# CrossCheck SS conversion & components - help!



## ShadowsCast (Oct 16, 2008)

Currently I've got a Cross Check complete bike that I use for commuting. Over the next month I'm going to be building a new rear wheel (something new to me), and after reading through the opinions on this forum, I've chosen to build up a single speed wheel. So far all I've picked out a flip flop fixed/free rear Surly hub (32h/135mm) but I'm slowly realizing the amount of things that are going to need to be changed on my bike if I really want to turn it into a single speed. While it's mostly just removing stuff, I thought I'd get some opinions.

My main concern is durability, because I'm using it to get to work and back, but other than that I don't have a whole lot in mind.

As far as a crank set, the FSA cranks on the bike are pretty flexy, while seated I can cause the chain to push up against the side of the front der. So other than wanting something stiffer, I don't really know what to look for. I need a pretty low gear ratio if I'm actually going to commute on this bike, and judging from the gears I use the most on the bike currently.

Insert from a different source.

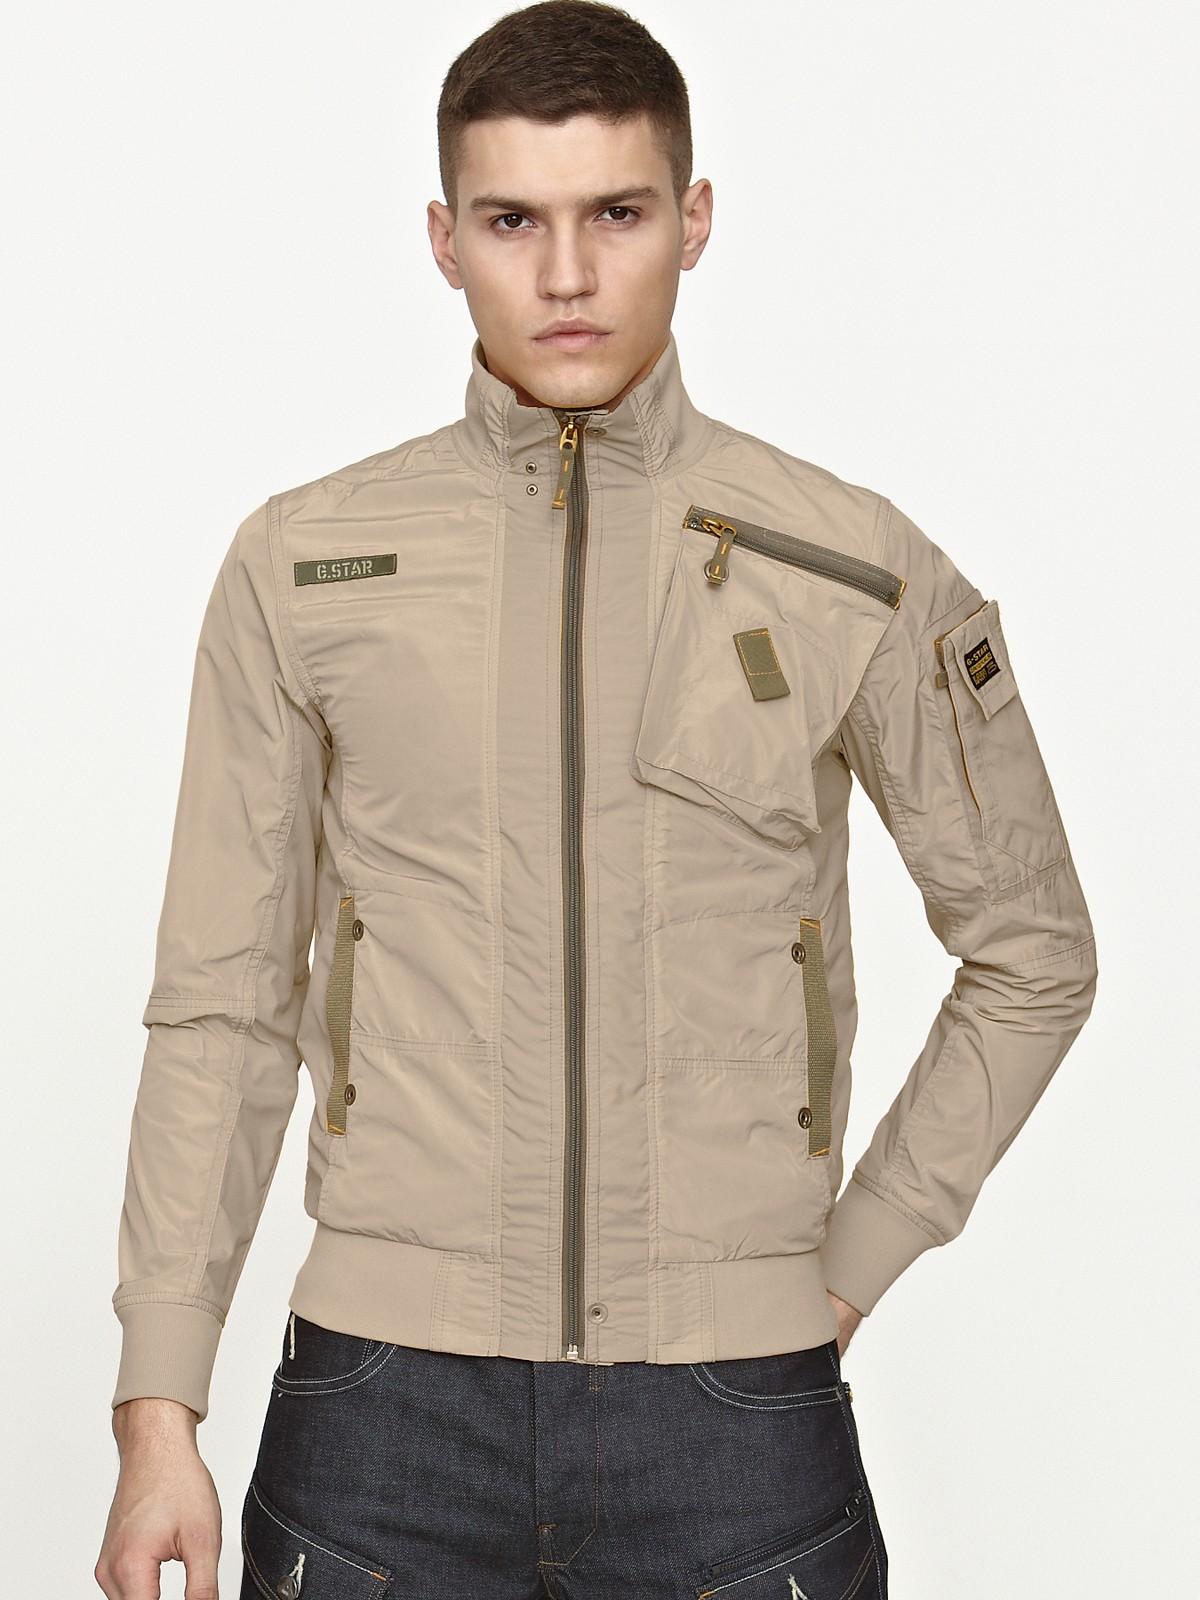 g star raw gstar raw mens blouson jacket in beige for men. Black Bedroom Furniture Sets. Home Design Ideas

It appears that Surly makes nearly everything I would need to make the transition, but I don't want to make a decision about all this with out first considering other opinions on this forum. So any thoughts or tips would be a great help, thanks!


----------



## Andrea138 (Mar 10, 2008)

I've got a Surly like you're planning on building and have a Sugino crank with a 42t front chainring. My fixed gear is a 14t and the freewheel side is a 17t. I haven't tried to flip to the fixed side since I put the 17t on for some CX racing, so I don't know if the chain is going to be too long when I do (it's likely, though). I haven't noticed any flexing, and between riding on & off road, I have definitely put some torque through it 

I've been experimenting with various ACS Claws freewheels, which are cheap, but not incredibly awesome (the 17 is pretty crunchy feeling). Once I figure out which size I like best, I'm going to get something nicer. 

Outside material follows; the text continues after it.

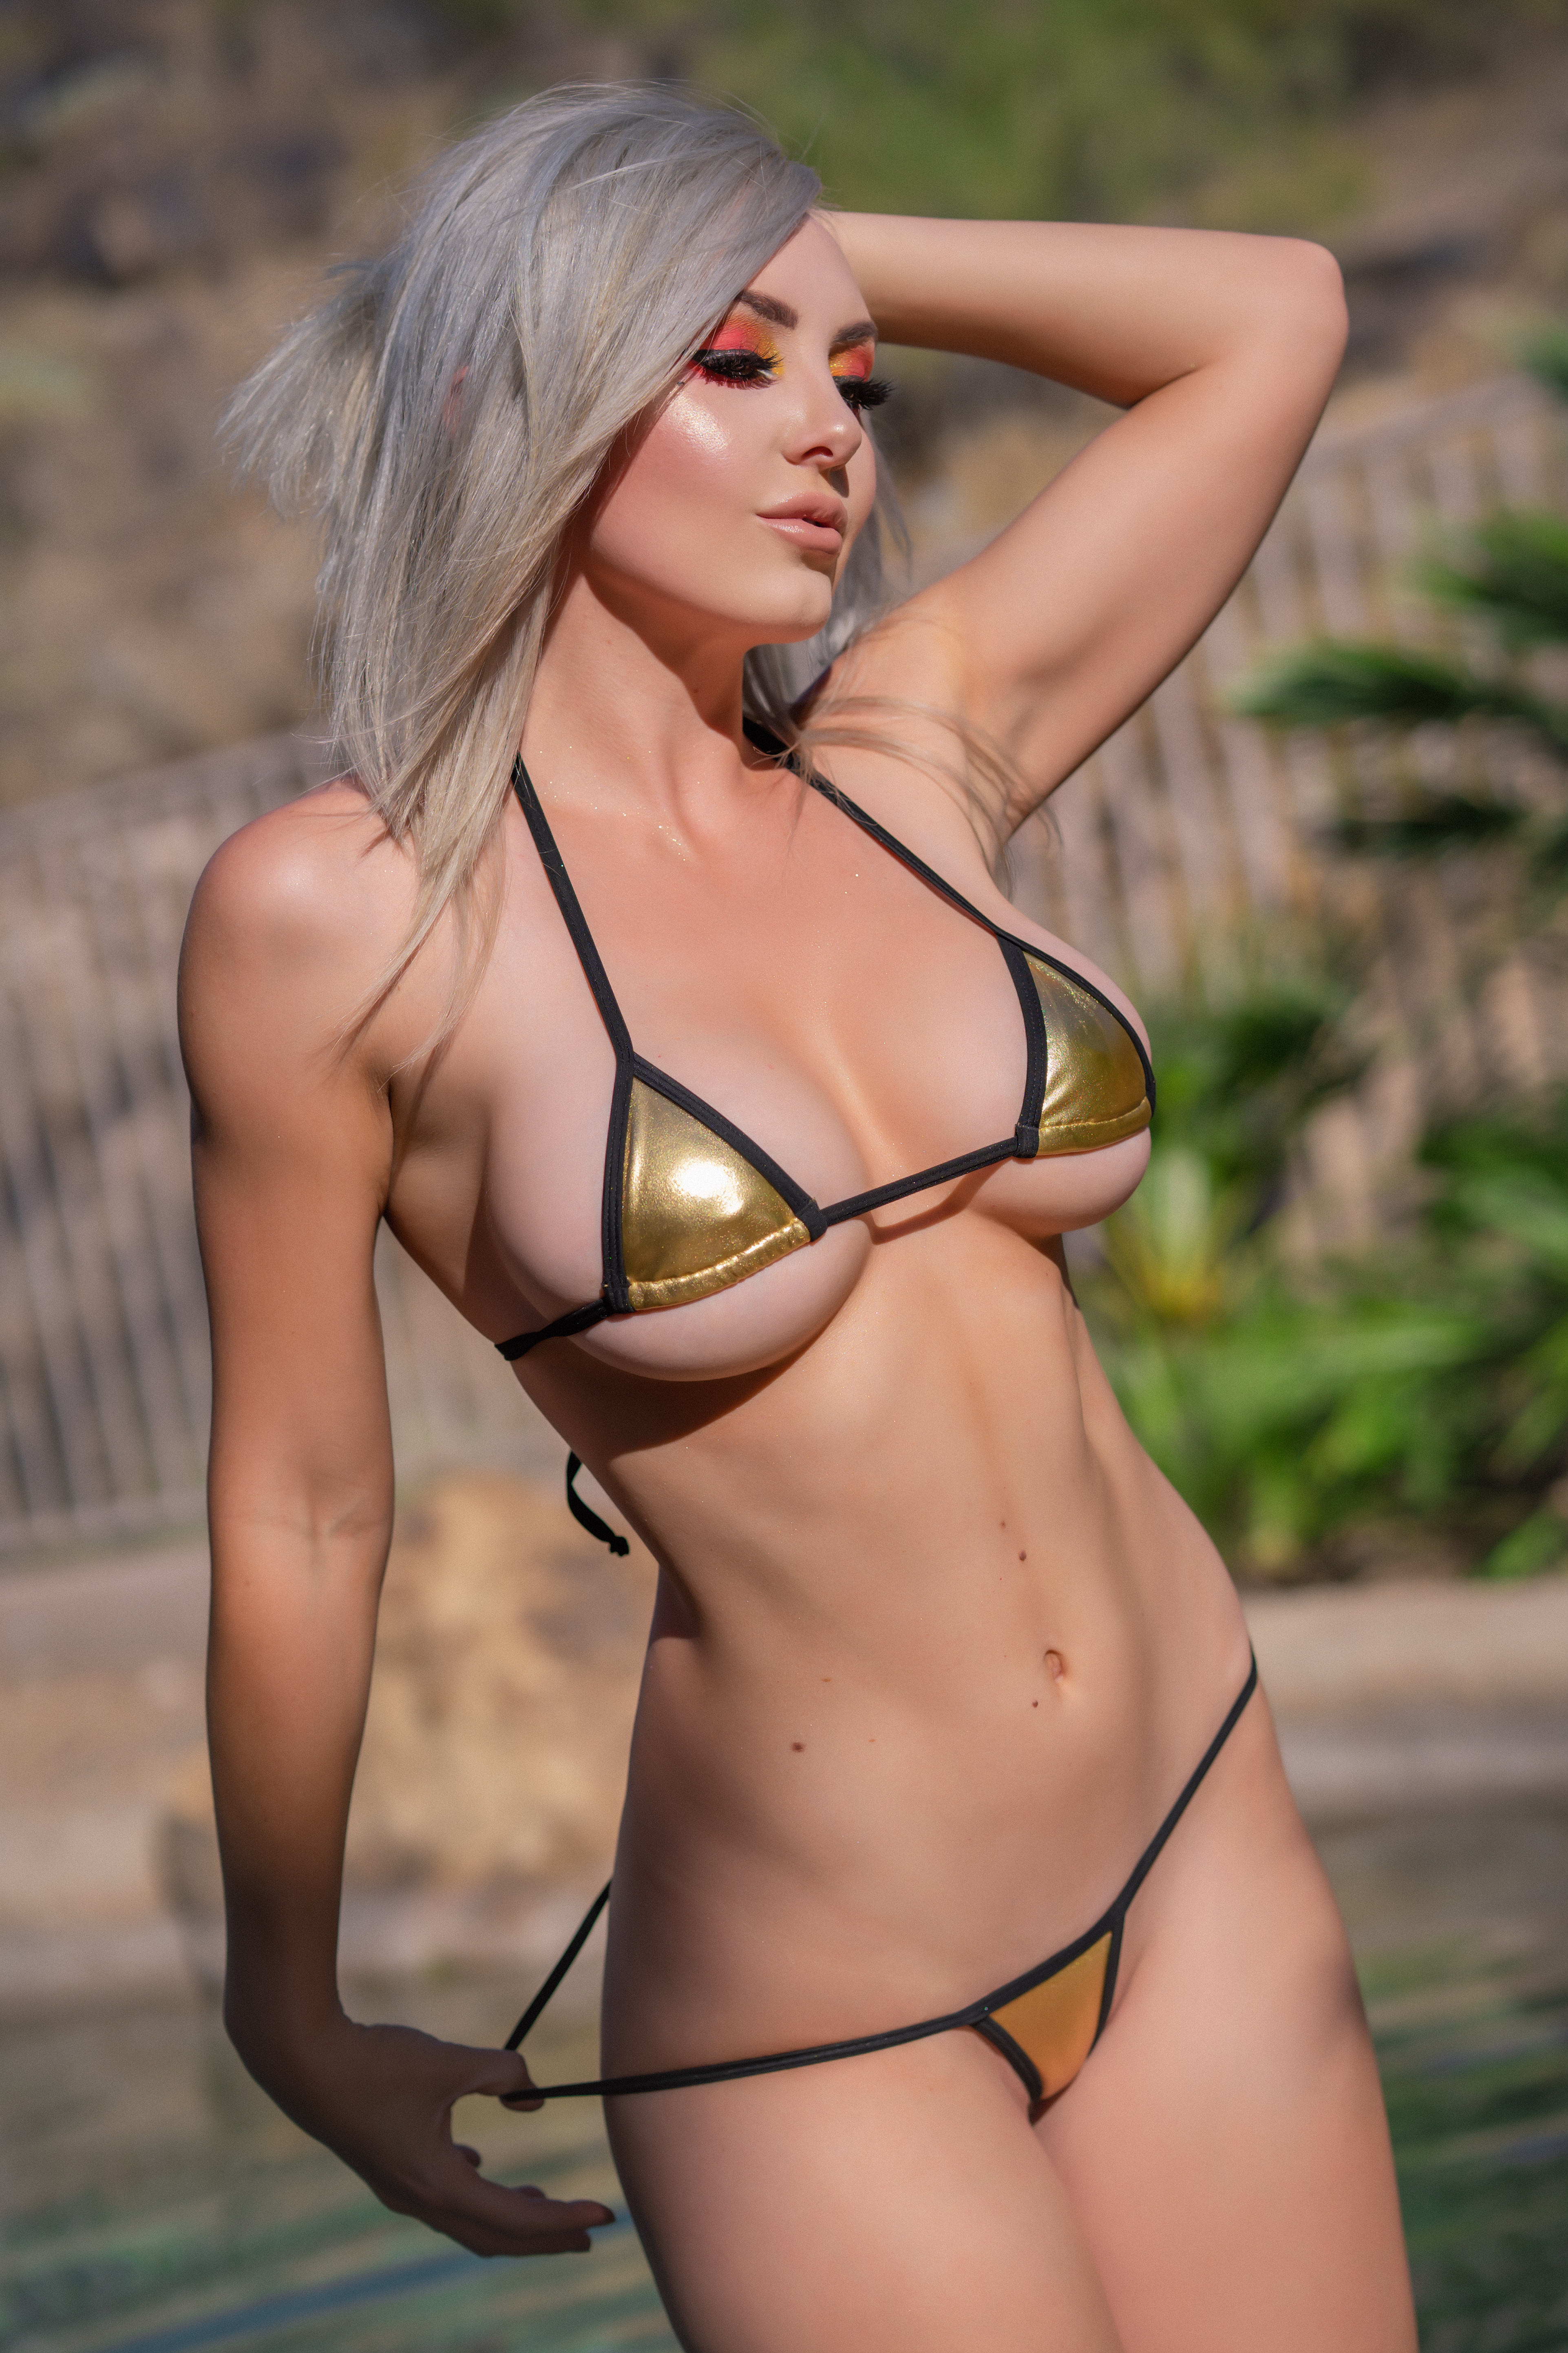 People 3846x5770 Jessica Nigri cosplay women blonde bikini pulling panties

Oh yeah, and I've got Tektro brakes. They've also worked well so far.


----------



## ShadowsCast (Oct 16, 2008)

I've also got some Tektro brakes on mine, came on the complete bike. They seemed to be working fine, but now it's already winter here, so my rims are icing up. I guess there's not a whole lot I can do about that, but it's part of the reason I want to try a fixed gear bike. I'll check out the Sugino website, thanks for the input.


----------



## Dave Hickey (Jan 27, 2002)

ShadowsCast said:


> As far as a crank set, the FSA cranks on the bike are pretty flexy, while seated I can cause the chain to push up against the side of the front der. So other than wanting something stiffer, I don't really know what to look for. I need a pretty low gear ratio if I'm actually going to commute on this bike, and judging from the gears I use the most on the bike currently.
> 
> !



There is a very good chance it's not crankset flex.. The ring is probably warped...or the ring is flexing.. The only reason I bring it up is don't spend money you don't need to if you are getting rubbing.....


----------



## SSSasky (Apr 8, 2004)

I second what Dave Hickey said. I think it's highly unlikely the cranks are that flexible, unless they are actually defective. Try a new, unramped chainring. WIth that and a rear wheel, there's not much else you need for a simple conversion.

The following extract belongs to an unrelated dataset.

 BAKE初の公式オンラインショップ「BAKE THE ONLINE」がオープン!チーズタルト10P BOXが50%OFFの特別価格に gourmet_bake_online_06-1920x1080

If you have brifter brake levers, it's probably worth the money to get a basic pair of levers, but that shouldn't run you much over $20. Other than that, unless you are drastically changing the cockpit, there's not much else you could need.

Andrea138: those look like the new 2009 dropouts. Are they? How do they look in person? There was some concern over on MTBR that the new dropouts were not as nice...


----------



## ShadowsCast (Oct 16, 2008)

At the risk of completely revealing my lack of knowledge, I didn't realize there was a difference. I just sort of figured the whole thing was one unit once it was all bolted together. Surly makes an unramped chainring, I suppose I'll look into that.


----------



## Andrea138 (Mar 10, 2008)

SSSasky said:


> Andrea138: those look like the new 2009 dropouts. Are they? How do they look in person? There was some concern over on MTBR that the new dropouts were not as nice...


I'm guessing they are... I don't have anything to compare to, so I can't help much but to say they've worked fine and I think they look like, ummm... dropouts.


----------



## racerdave (Dec 1, 2007)

FWIW, I love the Surly unramped chainrings. You will, however, need to use a 1/8 chain with them. 3/32nd will not wrap well. (at least it didn't for the 32 and 36 chainrings on my 29er)


----------



## DIRT BOY (Aug 22, 2002)

ShadowsCast said:


> At the risk of completely revealing my lack of knowledge, I didn't realize there was a difference. I just sort of figured the whole thing was one unit once it was all bolted together. Surly makes an unramped chainring, I suppose I'll look into that.


Just get any unramped SS/FG ring on ebay or get a Sugino Messanger


----------



## asterisk (Oct 21, 2003)

I just finished a fixed CrossCheck last week, photos pending.

Surly chain rings are great, they are steel and will last longer than aluminum and has no ramps, but is $$$. Spot makes an unramped ring as well as any other number of SS parts companies. I went with a Surly (42t) because I had the extra cash and it works just fine with a 3/32 SRAM 8-speed chain.

Keep your crank, just replace the rings with a single ring and a cyclocross bash guard or just leave the other ring on there.

Out back all you need is a new rear wheel, a Surly 130mm worked fine for me. The stays are 132.5 so they flex either way, 130 or 135. There is plenty of room in the dropouts for adjustment, no chain tensioner needed. You can also look for one of the cheap Formula sets that come in 120 and respace to 130 but the quality of the build is all over the place. If durability is a concern have it built locally by a shop you can trust build a nice wheel.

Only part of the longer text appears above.